Finally, this script reproduces the original problem and confirms the workaround is working.

src/master/src> cat workaround.csh
\rm -rf DELETEME
mkdir DELETEME
setenv LogSwitchOn
echo "sleep 2" > DELETEME/workerSource.csh
echo "backend/batchvision" >> DELETEME/workerSource.csh
setenv WorkerSource "csh DELETEME/workerSource.csh"
setenv WorkerPIDQueryStr "Utility processId"
setenv WorkerStartupQuery 2+2
vcaservicemanager/vcaservicemanager -serverFile=DELETEME/serverFile.txt ./DELETEME/ epool -logFilePath=./DELETEME/poolLog.txt &
sleep 4
echo "THREE HARD RESTARTS (two is insufficient)"
vpooladmin/vpooladmin -serverFile=DELETEME/serverFile.txt -hardRestart
vpooladmin/vpooladmin -serverFile=DELETEME/serverFile.txt -hardRestart
vpooladmin/vpooladmin -serverFile=DELETEME/serverFile.txt -hardRestart
echo -n "Status will be 'Suspended': " && vpooladmin/vpooladmin -serverFile=DELETEME/serverFile.txt -stat | grep Status

sleep 10
echo -n "If broken Status will be 'Suspended': " && vpooladmin/vpooladmin -serverFile=DELETEME/serverFile.txt -stat | grep Status

echo "RUNNING WORKAROUND"
vpooladmin/vpooladmin -serverFile=DELETEME/serverFile.txt -suspend
vpooladmin/vpooladmin -serverFile=DELETEME/serverFile.txt -resume
echo -n "Should be 'Running' now: " && vpooladmin/vpooladmin -serverFile=DELETEME/serverFile.txt -stat | grep Status
vsaprompt/vsaprompt -serverFile=DELETEME/serverFile.txt <<EOF
2+2
?g
EOF

vpooladmin/vpooladmin -serverFile=DELETEME/serverFile.txt -stop
cat DELETEME/poolLog.txt
src/master/src> csh workaround.csh
[1] 35147
THREE HARD RESTARTS (two is insufficient)
Operation Succeeded
Operation Succeeded
Operation Succeeded
Status will be 'Suspended': Current Status                 : Suspended
If broken Status will be 'Suspended': Current Status                 : Running
RUNNING WORKAROUND
Operation Succeeded
Operation Succeeded
Should be 'Running' now: Current Status                 : Running
V> V>      4.00
V> Message sent

@c-kuhlman I'm pretty sure this is the kind of test you can put in poolTester but I didn't want to step on your toes while I fumbled around there and tried to figure it out so I just used these simple csh scripts.

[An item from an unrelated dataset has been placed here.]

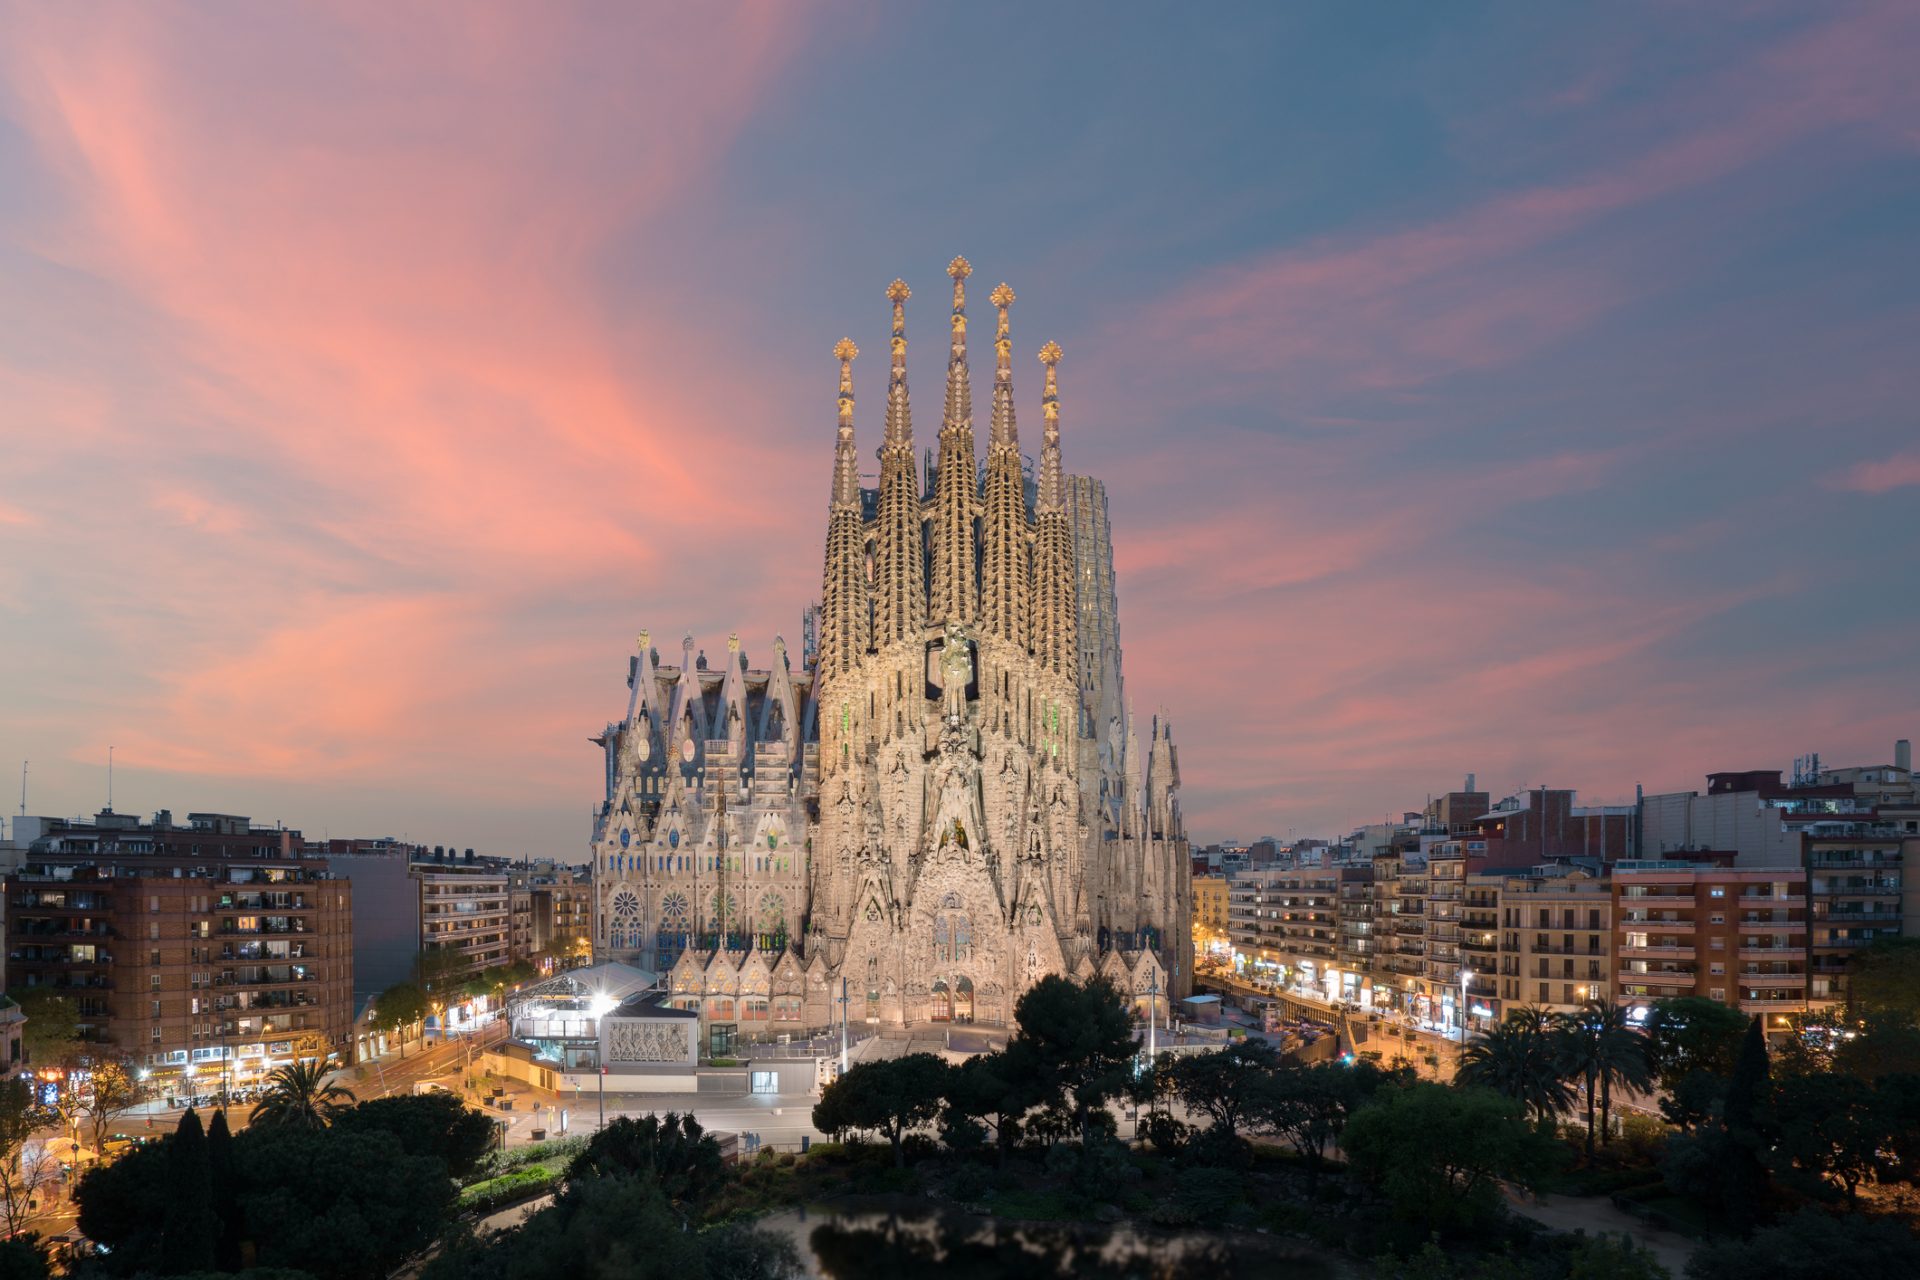 Terminar obras da igreja da Sagrada Família vai custar 374 milhões de euros

@MichaelJCaruso let me know what you think about this attempt at a fix. It's my first Vsa functionality change.

MichaelJCaruso commented 7 years ago

I didn't understand why you thought VEvaluator needed to be involved ...

I just figured out why I didn't understand why you thought it didn't :-).

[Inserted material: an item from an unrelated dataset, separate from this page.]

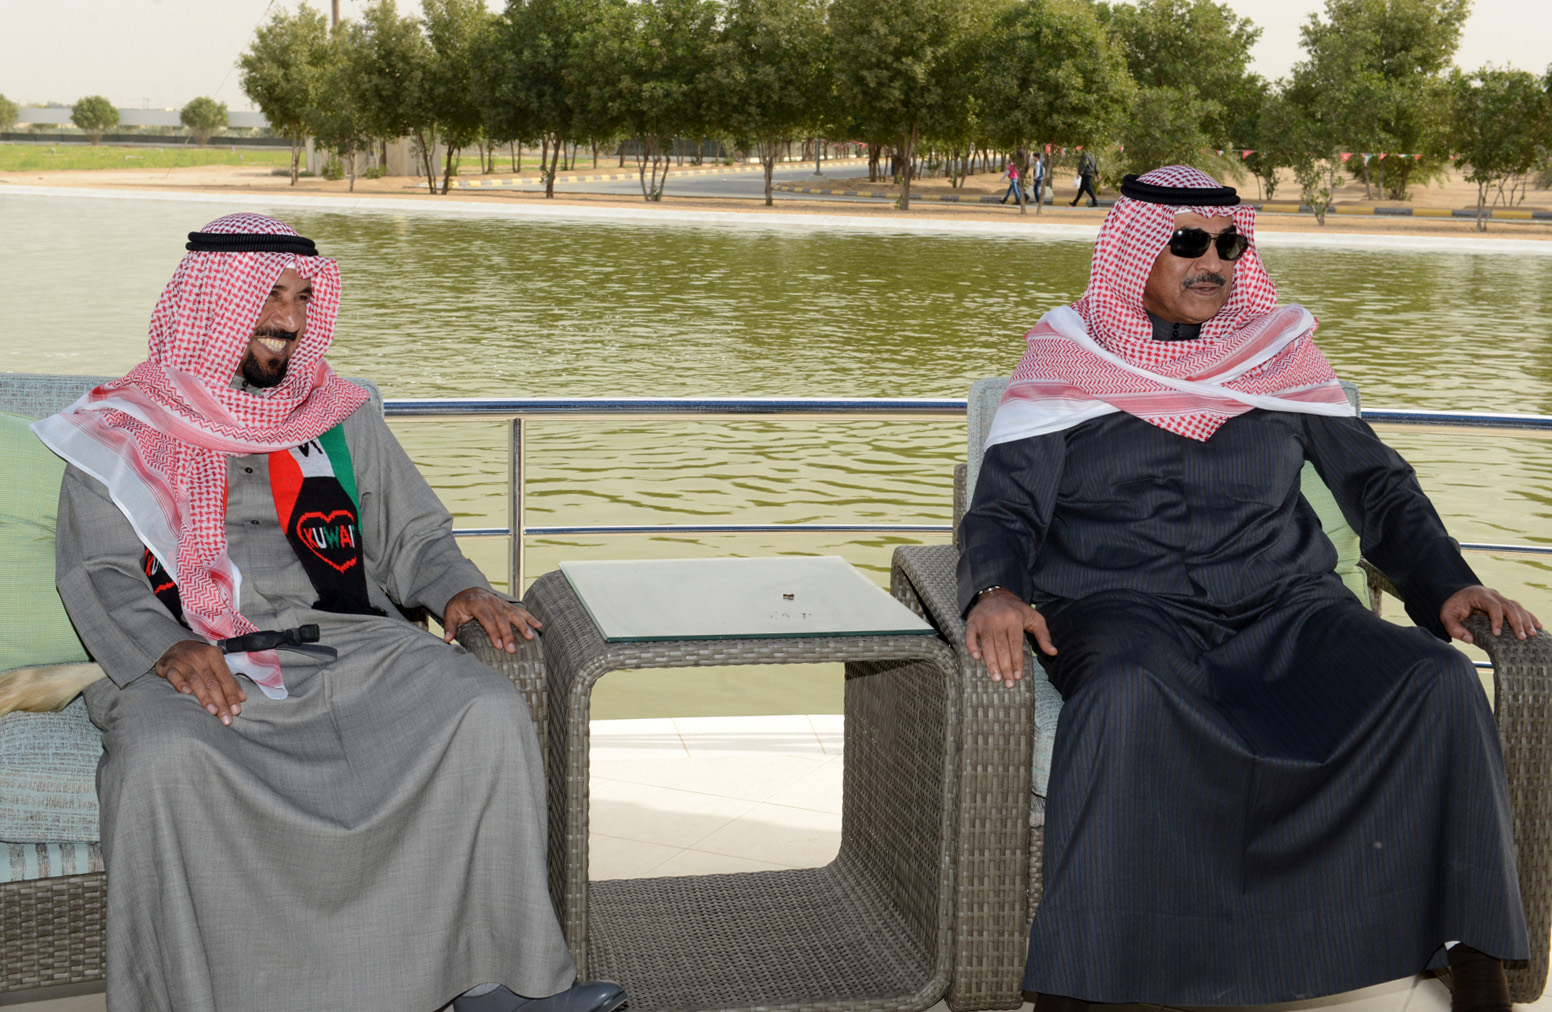 First Deputy Prime Minister and Foreign Minister Sheikh Sabah Al-Khaled Al-Hamad Al-Sabah with Sheikh Ali Al-Jaber Al-Ahmad Al-Sabah

Digging around a bit, I just noticed that VEvaluatorPool re-implements the entire IEvaluatorControl interface, an interface already implemented by VEvaluator. It should have been written to rely on virtual overrides in some form to guarantee consistent behavior between the methods of VEvaluator and its VEvaluatorPool subclass. That's a significant logic bug - possibly of my own doing in the dim and distant past. Of course, because the only current source of suspend and resume calls are via IEvaluatorControl operations as separately re-implemented by VEvaluatorPool, what you're doing works; however, it doesn't cover all the ways suspend and resume can be called on the classes involved. Covering those bases requires involvement - in some form - of both classes.

VCommitter commented 7 years ago

it doesn't cover all the ways suspend and resume can be called on the classes involved.

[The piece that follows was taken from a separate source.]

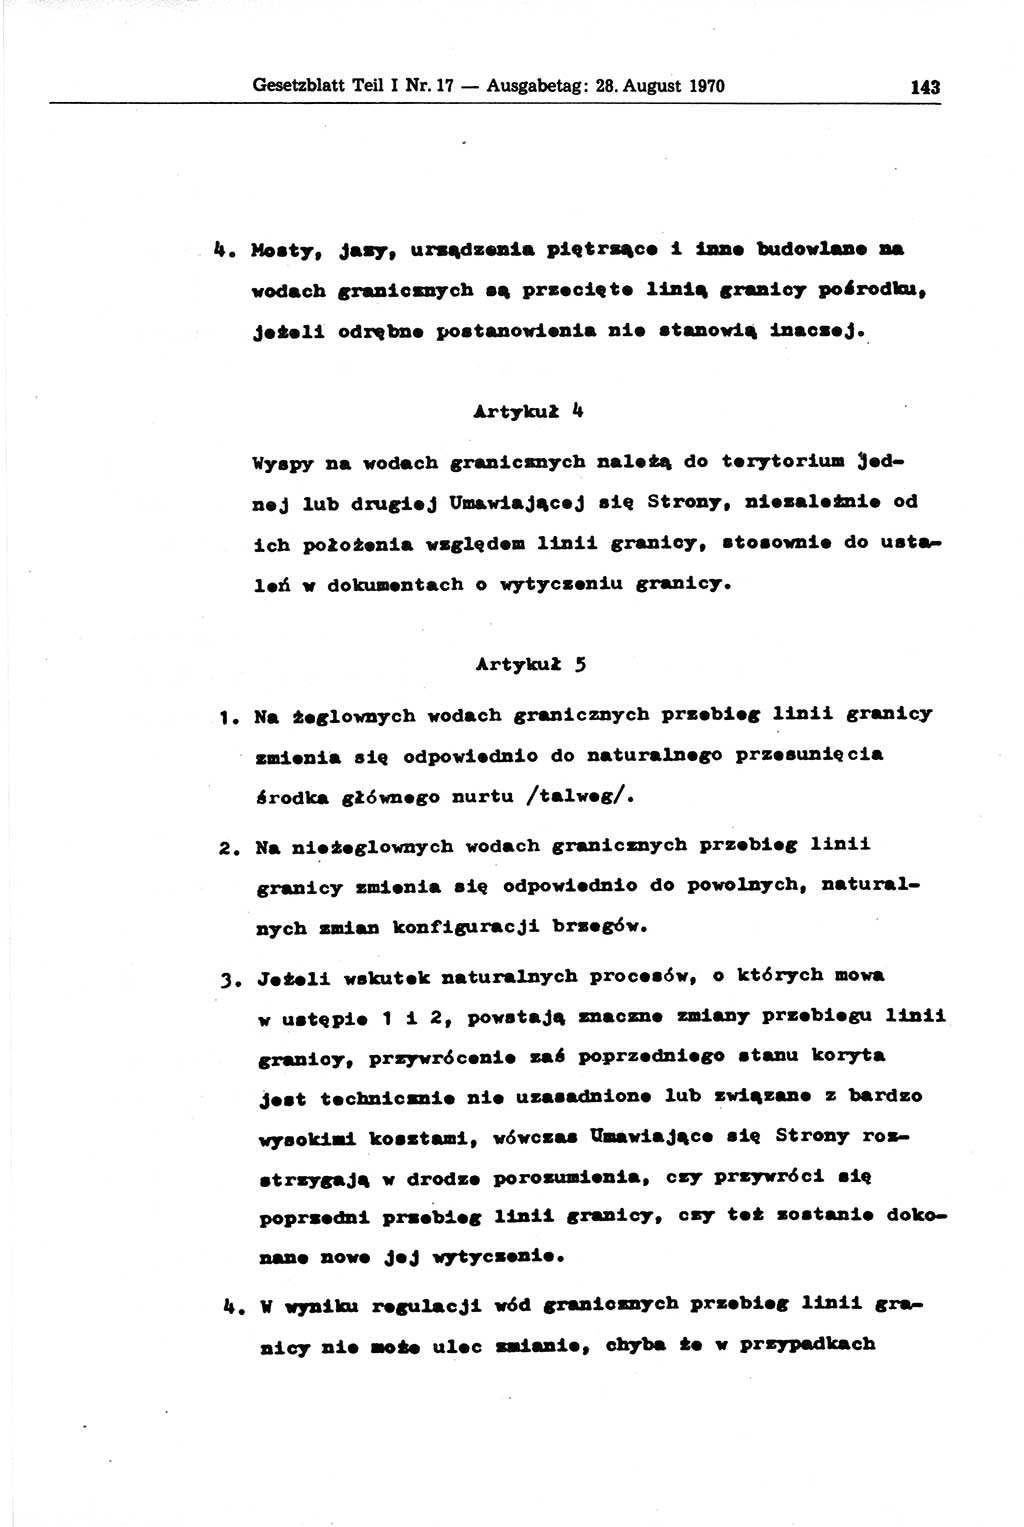 Gesetzblatt (GBl.) der Deutschen Demokratischen Republik (DDR) Teil Ⅰ 1970, Seite 143 (GBl. DDR Ⅰ 1970, S. 143)

That isn't necessarily a problem so long as the other paths through suspend and resume can be considered explicit. Which I'm OK with for now if this fix corrects the bug without introducing incorrect behavior.

It should have been written to rely on virtual overrides in some form to guarantee consistent behavior between the methods of VEvaluator and its VEvaluatorPool subclass.

I am curious though: are you saying VEvaluator::suspend() and VEvaluator::resume() (and the other control methods) should be virtual?

Or are we talking about Vca interface overrides - I've forgotten more than I remember about how those are supposed to work...

MichaelJCaruso commented 7 years ago

We can certainly cover this bug fix with what you've done, but in that case, I suggest we leave a prominent note in the header files (most importantly VEvaluator.h) calling attention to the possibility of inconsistencies when calling the public control methods directly. It might even be a good idea to make those routines protected to prevent their explicit misuse. That might be enough of a note to tie to the can we now know about and kick down the road.

The rest of my concerns deal with interface consistency and the latent bugs it can cause. Leaving the Vca interfaces out of it for a moment, the public methods of VEvaluator and VEvaluatorPool present two interfaces to the same object. Given a pointer pEvaluator to a VEvaluatorPool, pEvaluator->suspend () and static_cast<VEvaluator*>(pEvaluator)->suspend() should produce the same result, ideally in an obviously auditable way (even though the cast is explicit here, it's implicit most of the time). Same goes for the operations exposed via IEvaluatorControl (which we have don't have as much of a problem with given that Vca ensures that VEvaluatorPool's implementation dominates in all cases, at least as seen by remote callers).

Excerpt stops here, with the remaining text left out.